Поручик отозвался не сразу. Потрогал царапину на шее, вздохнул. Тихо проговорил:
— Увы, приказы обсуждать…
— Я не вправе? — зло перебила Нюся. — Нет уж, милостивый государь, с меня достаточно.
Полные щеки возмущенно дернулись.
— Мадам! — В голосе послышалась угроза. — Это похоже на предательство.
Нюся вдруг успокоилась. Усмехнулась, отрицательно покачала головой.

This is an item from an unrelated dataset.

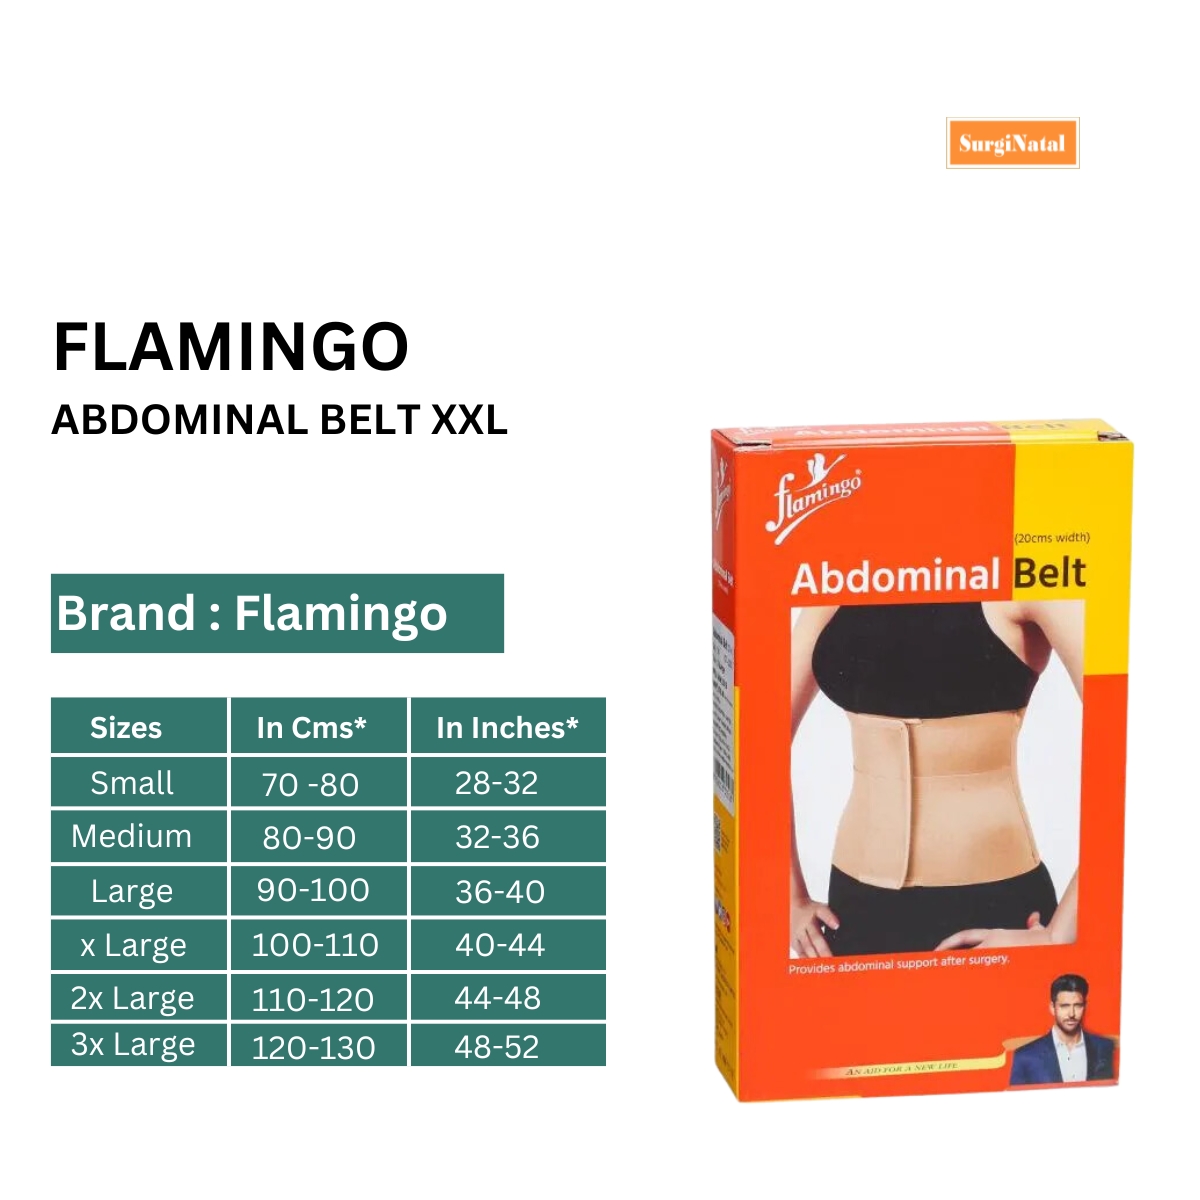 flamingo abdominal belt xxl

— Вот что, поручик. Передайте Борису, что я устала. Нет, лучше так: что я смертельно устала от всего. Я хочу, чтобы меня оставили в покое. В покое, слышите, вы? В по-ко-е!
С испугом и нескрываемой враждебностью смотрел на Нюсю поручик Гофферт.
— Вы легкомысленны, мадам… — отчеканил он с натужным сарказмом. — Может быть, вы и ЧК попросите о том же?
— Боитесь? — Она с презрением усмехнулась. — Напрасно. Гаюсов знает, что туда я не пойду. Я просто выхожу из игры. Совсем. Передайте ему мои слова. И уходите!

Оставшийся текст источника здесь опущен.